Learning and Deploying Robust Locomotion Policies with Minimal Dynamics Randomization
Luigi Campanaro, Siddhant Gangapurwala, Wolfgang Merkt, Ioannis Havoutis
TL;DR
The paper presents Extended Random Force Injection (ERFI) as a minimal, parameter-efficient alternative to dynamics randomization for training robust quadrupedal locomotion policies in simulation. By combining random perturbations to joint torques with episodic actuation offsets (ERFI-C) or pure RFI variants (including ERFI-50), the approach captures both local and global dynamics variations, enabling effective sim-to-real transfer without extensive system identification. Empirical results show that ERFI-based policies outperform standard baselines and broad-domain randomization, with up to ~53% improved robustness to mass variations and ~61% when a payload arm is added, validated on ANYmal C and Unitree A1 across flat and uneven terrains. The work demonstrates practical hardware deployment and suggests ERFI as a lightweight, effective alternative to actuator networks and heavy randomization for real-world legged locomotion.
Abstract
Training deep reinforcement learning (DRL) locomotion policies often require massive amounts of data to converge to the desired behaviour. In this regard, simulators provide a cheap and abundant source. For successful sim-to-real transfer, exhaustively engineered approaches such as system identification, dynamics randomization, and domain adaptation are generally employed. As an alternative, we investigate a simple strategy of random force injection (RFI) to perturb system dynamics during training. We show that the application of random forces enables us to emulate dynamics randomization.
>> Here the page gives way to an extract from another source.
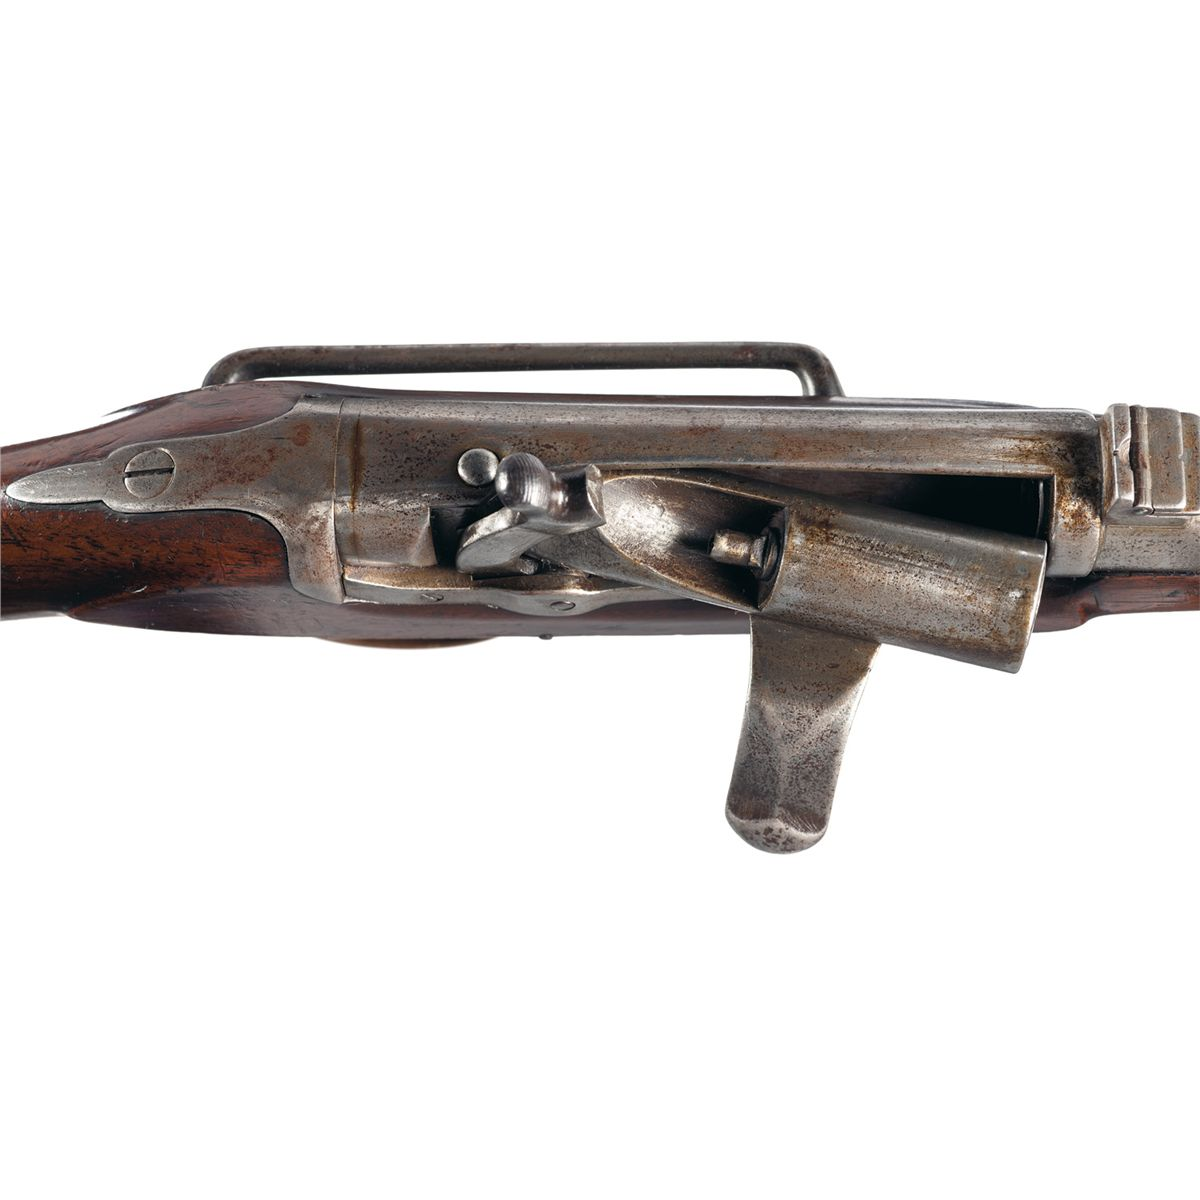 Rare Prototype Needham Patent Breech loading British Military Trials Carbine

This allows us to obtain locomotion policies that are robust to variations in system dynamics. We further extend RFI, referred to as extended random force injection (ERFI), by introducing an episodic actuation offset. We demonstrate that ERFI provides additional robustness for variations in system mass offering on average a 53% improved performance over RFI. We also show that ERFI is sufficient to perform a successful sim-to-real transfer on two different quadrupedal platforms, ANYmal C and Unitree A1, even for perceptive locomotion over uneven terrain in outdoor environments.